→ **ACTIVITY**
Write out the listing below in its entirety, minus the pictures, without changing a word.

→ **SUPPLIED INFORMATION**
┄┄┄┄┄┄┄┄┄┄
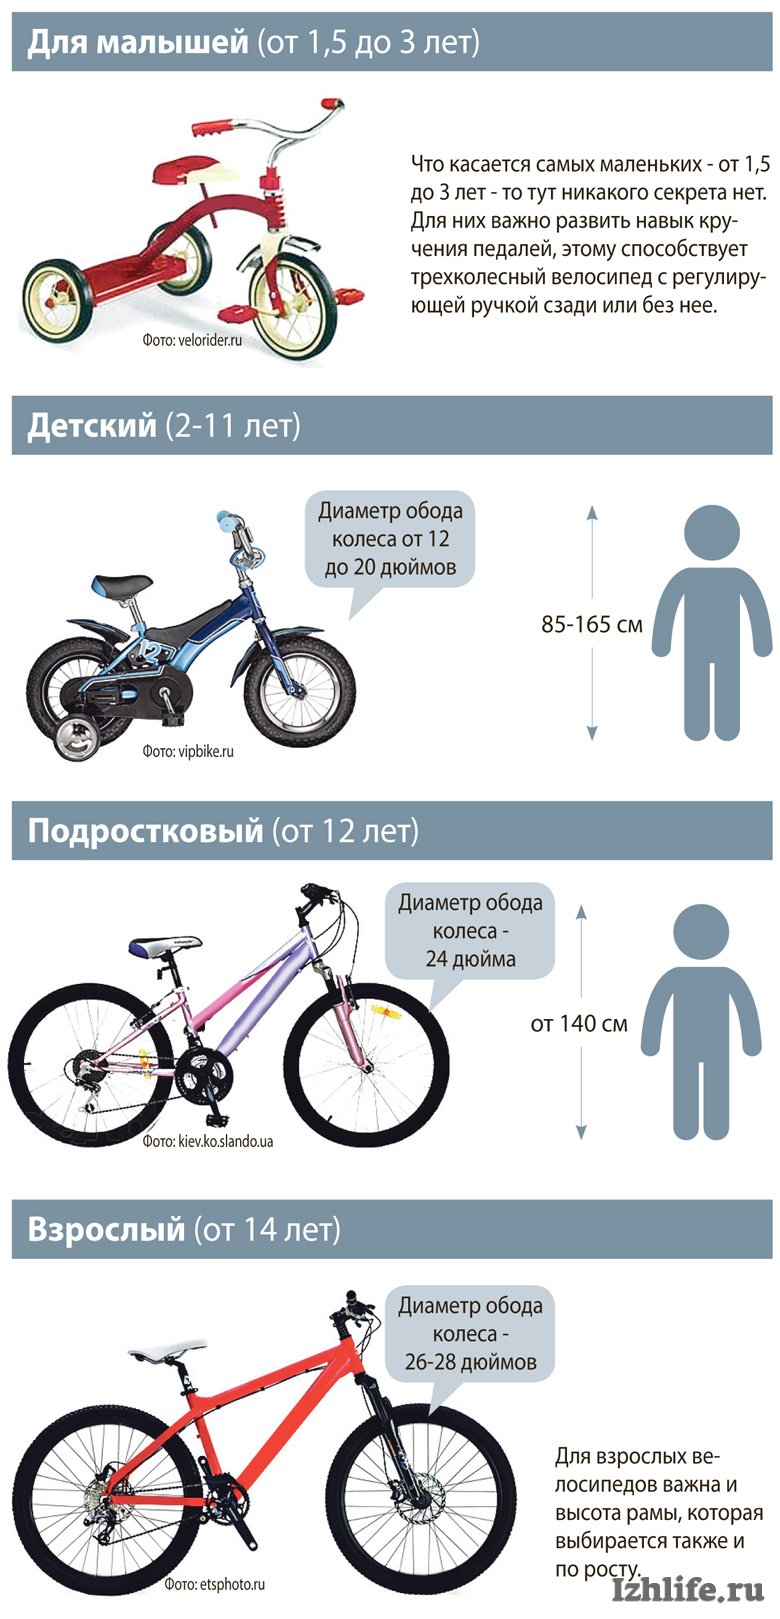 Какая рама велосипеда нужна. Размер колес детского велосипеда по росту. Как выбрать велосипед для ребенка 4 года по росту и весу таблица. Таблица подбора велосипеда по росту ребенка рамы. Как выбрать раму для велосипеда по росту таблица.
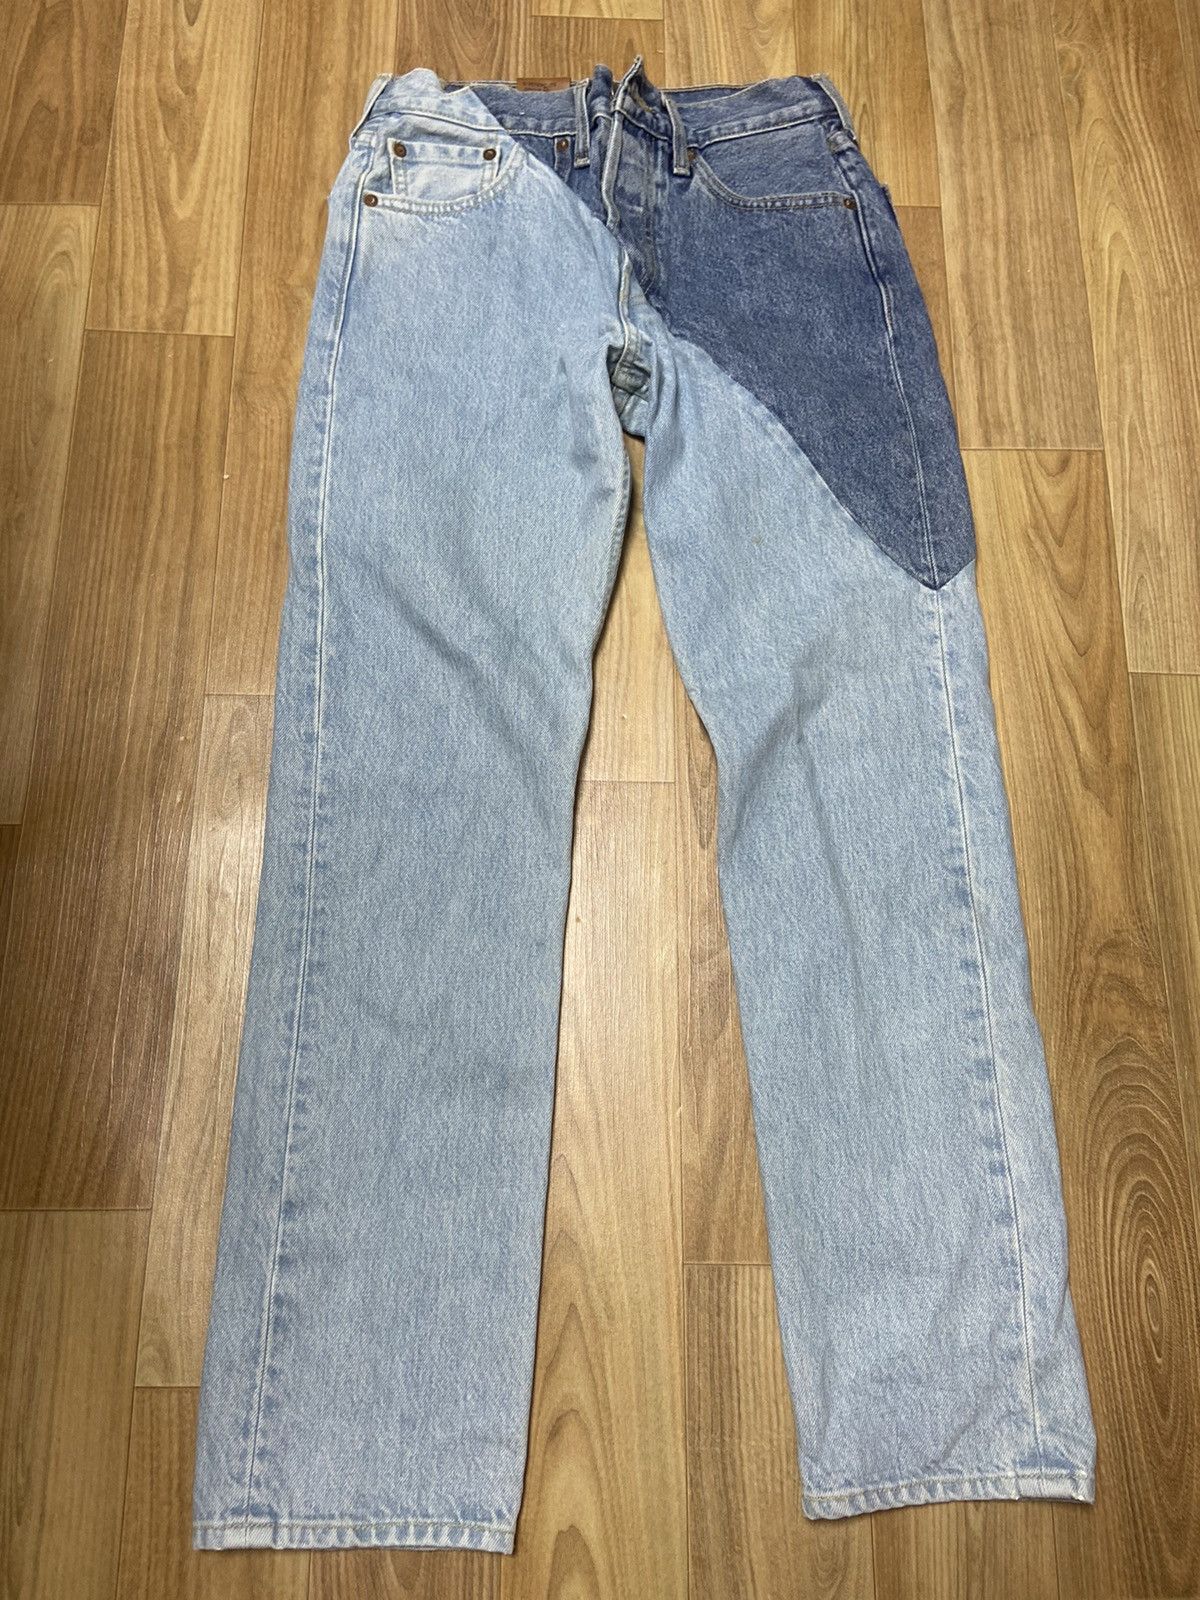 Vetements S Vetements reworked cut up jeans Denim pants | Grailed
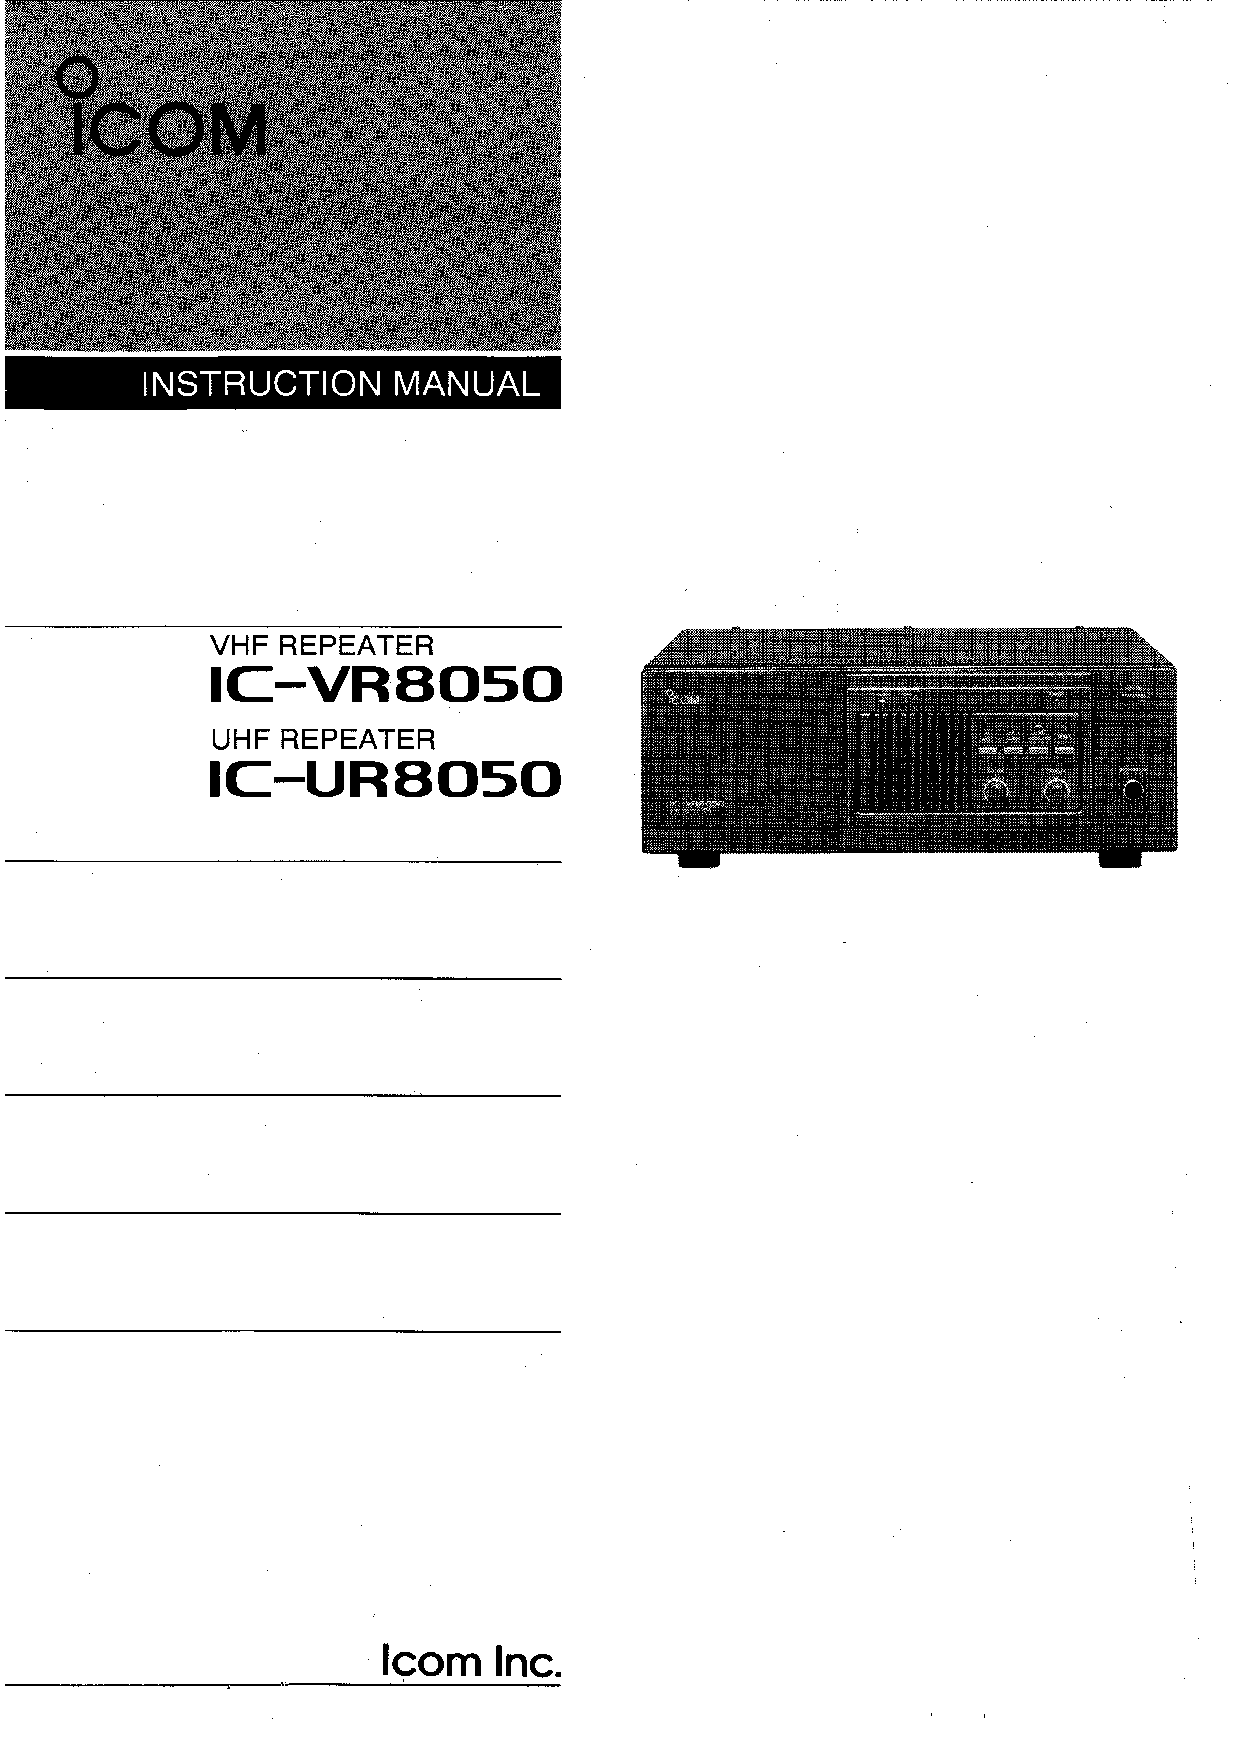 Icom IC-VR8050, IC-UR8050 User Manual
┄┄┄┄┄┄┄┄┄┄
→ **TASK SOLUTION**
 Какая рама велосипеда нужна. Размер колес детского велосипеда по росту. Как выбрать велосипед для ребенка 4 года по росту и весу таблица. Таблица подбора велосипеда по росту ребенка рамы. Как выбрать раму для велосипеда по росту таблица.
 Vetements S Vetements reworked cut up jeans Denim pants | Grailed
 Icom IC-VR8050, IC-UR8050 User Manual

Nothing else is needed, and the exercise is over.